**Task brief:** Restate word for word all of the lines below, with each image left out.

**Exercise data:**

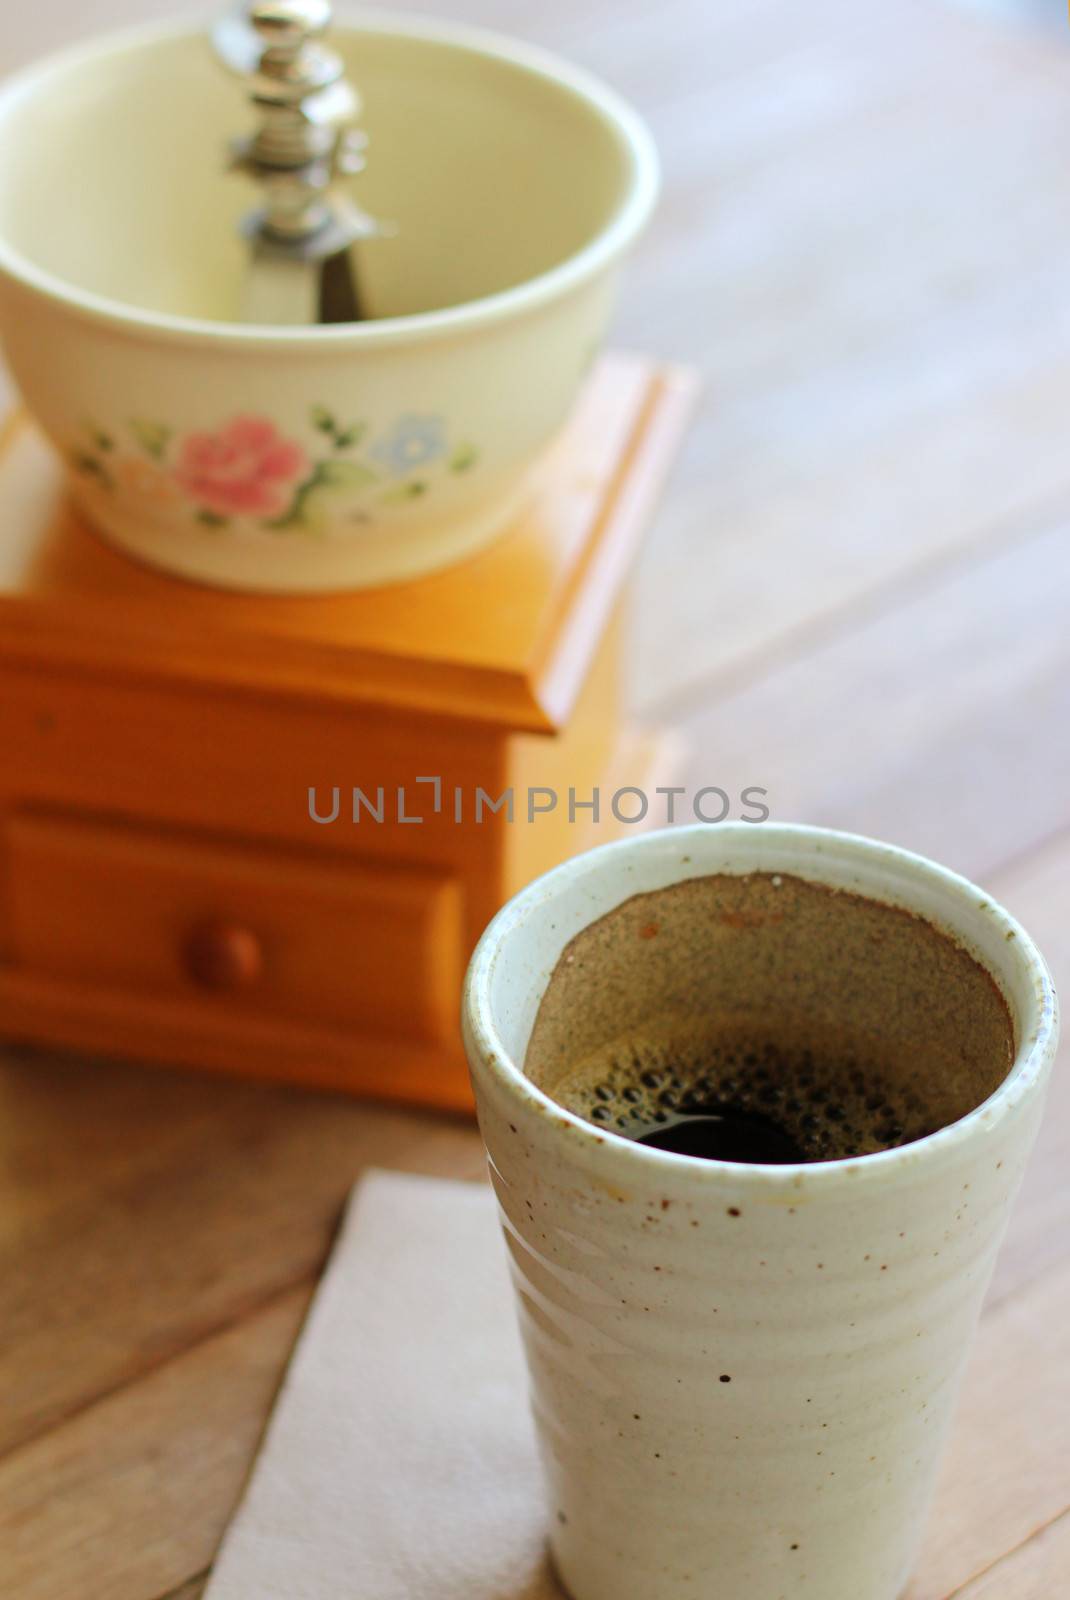 Black coffee with vintage coffee grinder
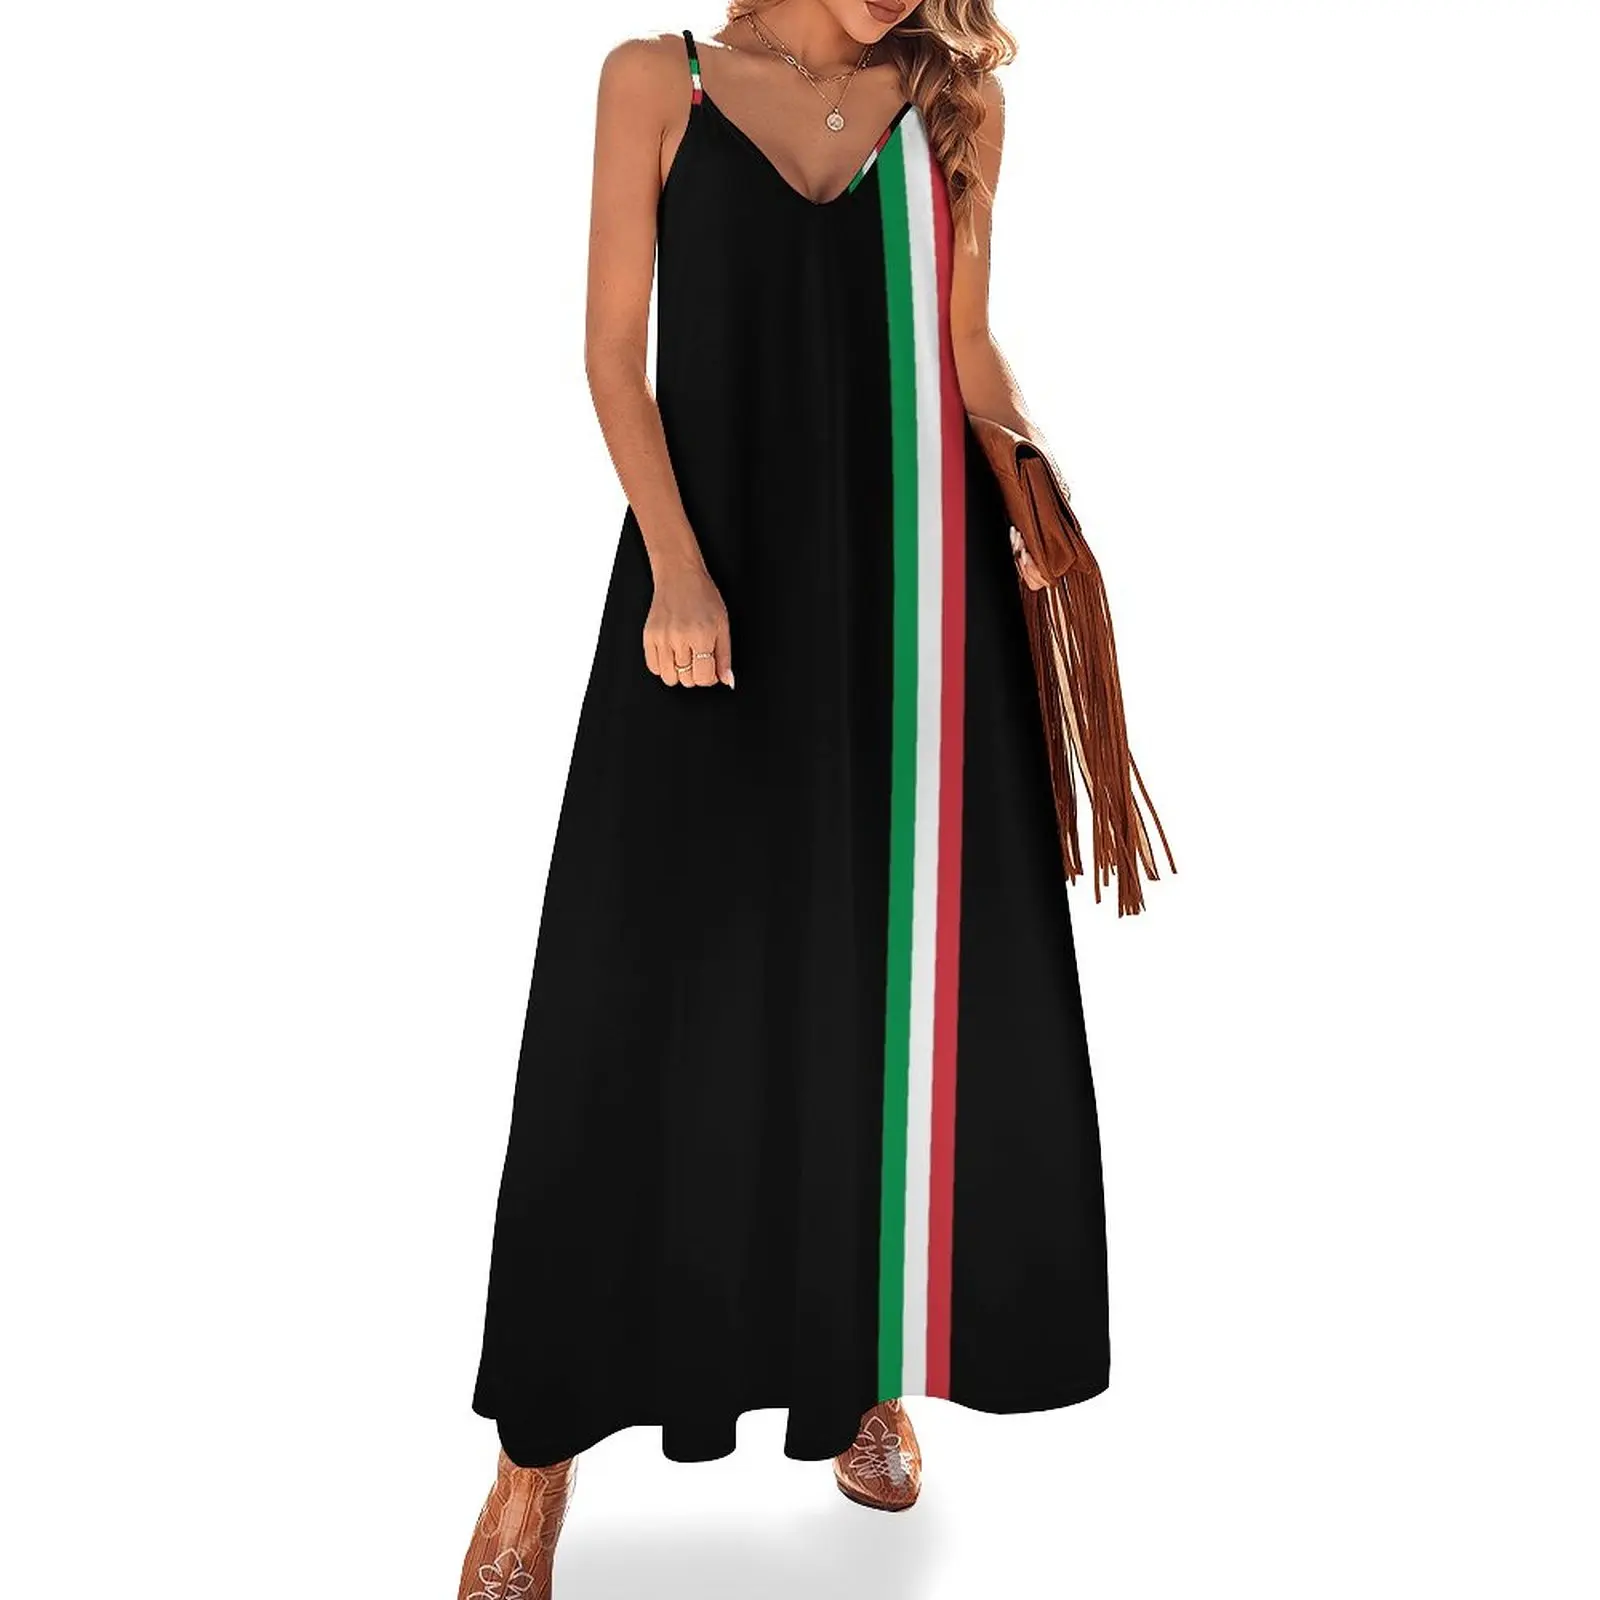 

Платье без рукавов il трехцветное с итальянским флагом, вечерние платья для женщин, роскошное вечернее платье
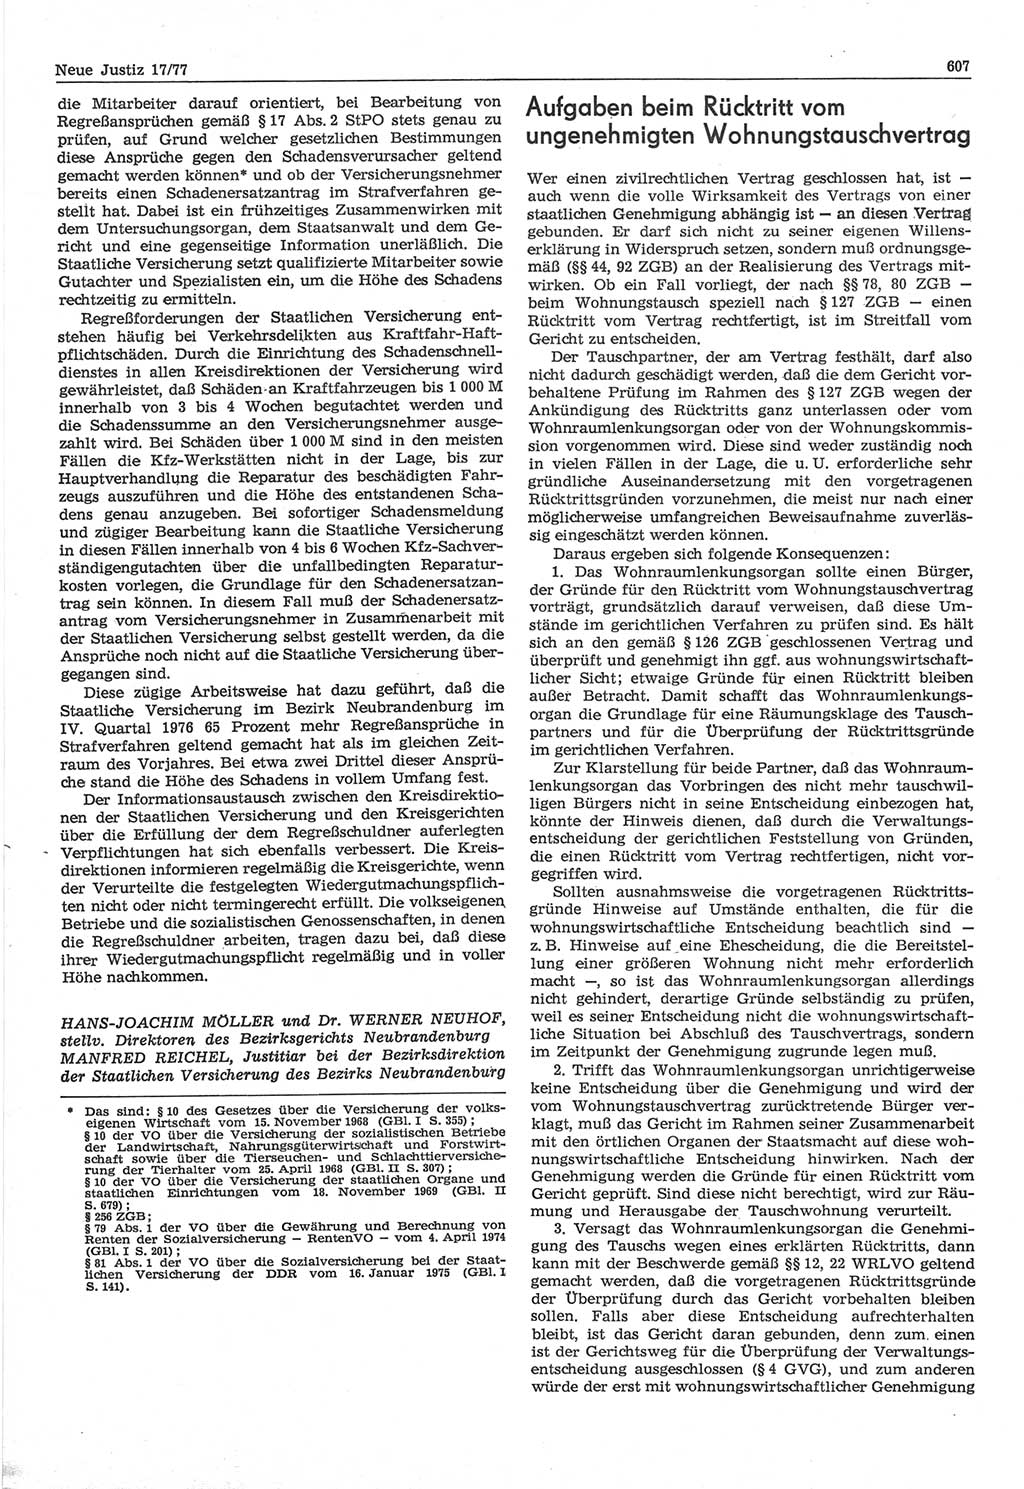 Neue Justiz (NJ), Zeitschrift für Recht und Rechtswissenschaft-Zeitschrift, sozialistisches Recht und Gesetzlichkeit, 31. Jahrgang 1977, Seite 607 (NJ DDR 1977, S. 607)

**Answer for this exercise:**
 Black coffee with vintage coffee grinder

Платье без рукавов il трехцветное с итальянским флагом, вечерние платья для женщин, роскошное вечернее платье
 Neue Justiz (NJ), Zeitschrift für Recht und Rechtswissenschaft-Zeitschrift, sozialistisches Recht und Gesetzlichkeit, 31. Jahrgang 1977, Seite 607 (NJ DDR 1977, S. 607)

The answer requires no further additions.